Photo Finesse: Robert Mapplethorpe curated by Edward Enninful A striking exhibition explores the images of Robert Mapplethorpe through a new lens
By ROBIN MUIR
In mid-'80s Manhattan, at a show of Robert Mapplethorpe's photographs and collages, I followed a slightly stooping, elderly lady into the packed gallery. This was Mapplethorpe in excelsis, surfing the crest of two waves: an art market that had started to show an interest both in fine art photography and the explosion of the gay scene, downtown chiefly but travelling uptown fast. Full-frontal male portraits might hang next to pictures of Lord Snowdon or Richard Gere or two urinating lovers. In any event, the show was startling enough to offend any old lady. Though not this one: it turned out she was the collector Ileana Sonnabend, an early champion of Gilbert & George and Jeff Koons. In a room full of nervous glances and open mouths, she was the least perturbed of all.
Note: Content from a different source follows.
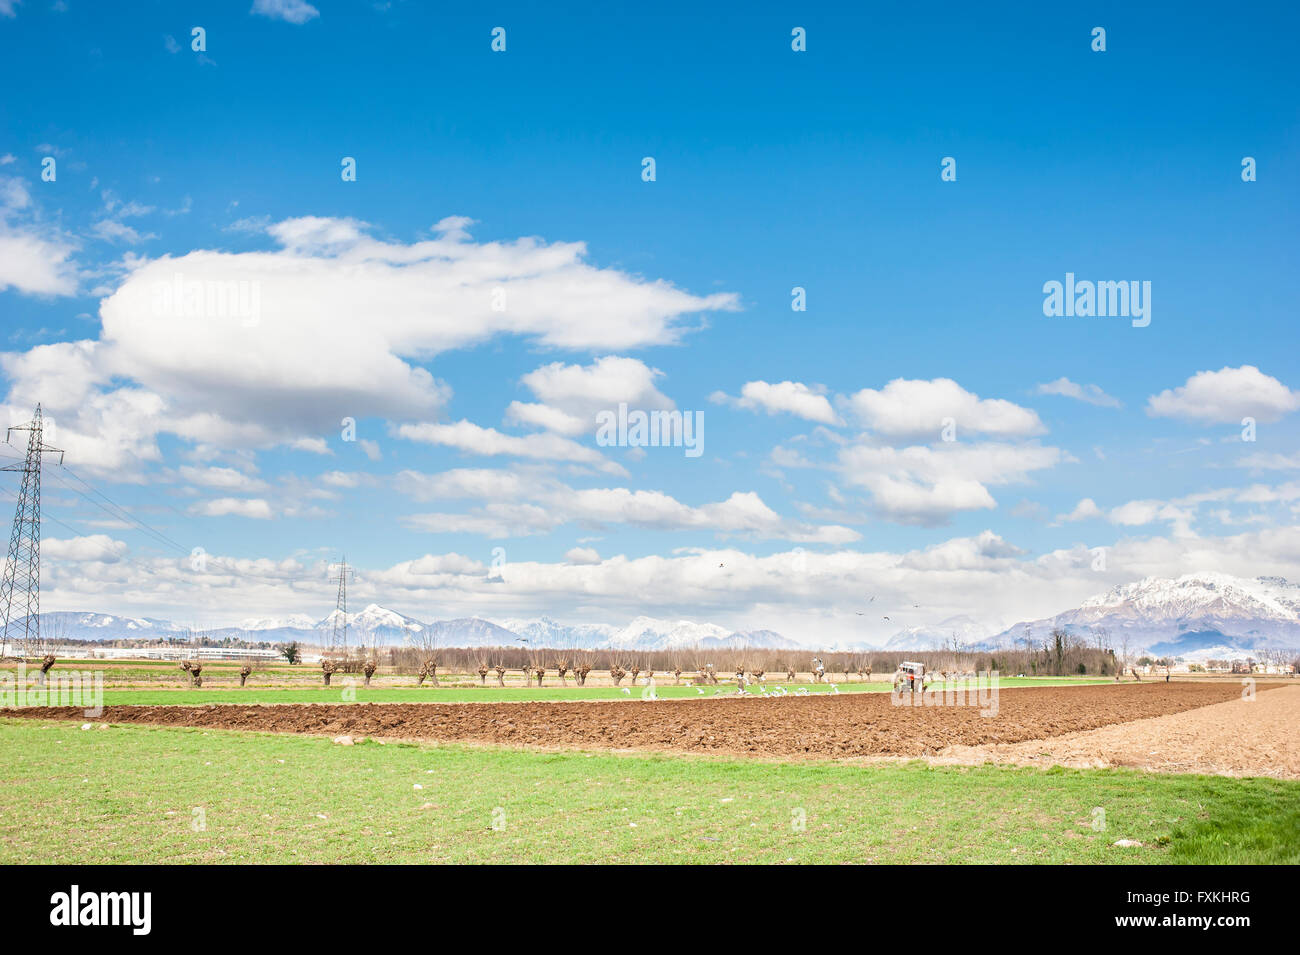 El paisaje agrícola. Con el tractor en un campo arado. Las montañas en el fondo. Foto de stock

Though Mapplethorpe has been dead for 35 years, he continues to beguile. "In his day, when he made these pictures, you're one thing or another, and that's so interesting to me in a time now when people don't want to label themselves at all," says Edward Enninful, who has curated a new show of the photographer's work, opening at Thaddaeus Ropac in Paris this month.
It will show the photographer in a fresh light, with Enninful arranging the exhibition in pairs of images, intuiting the duality at the heart of the artist.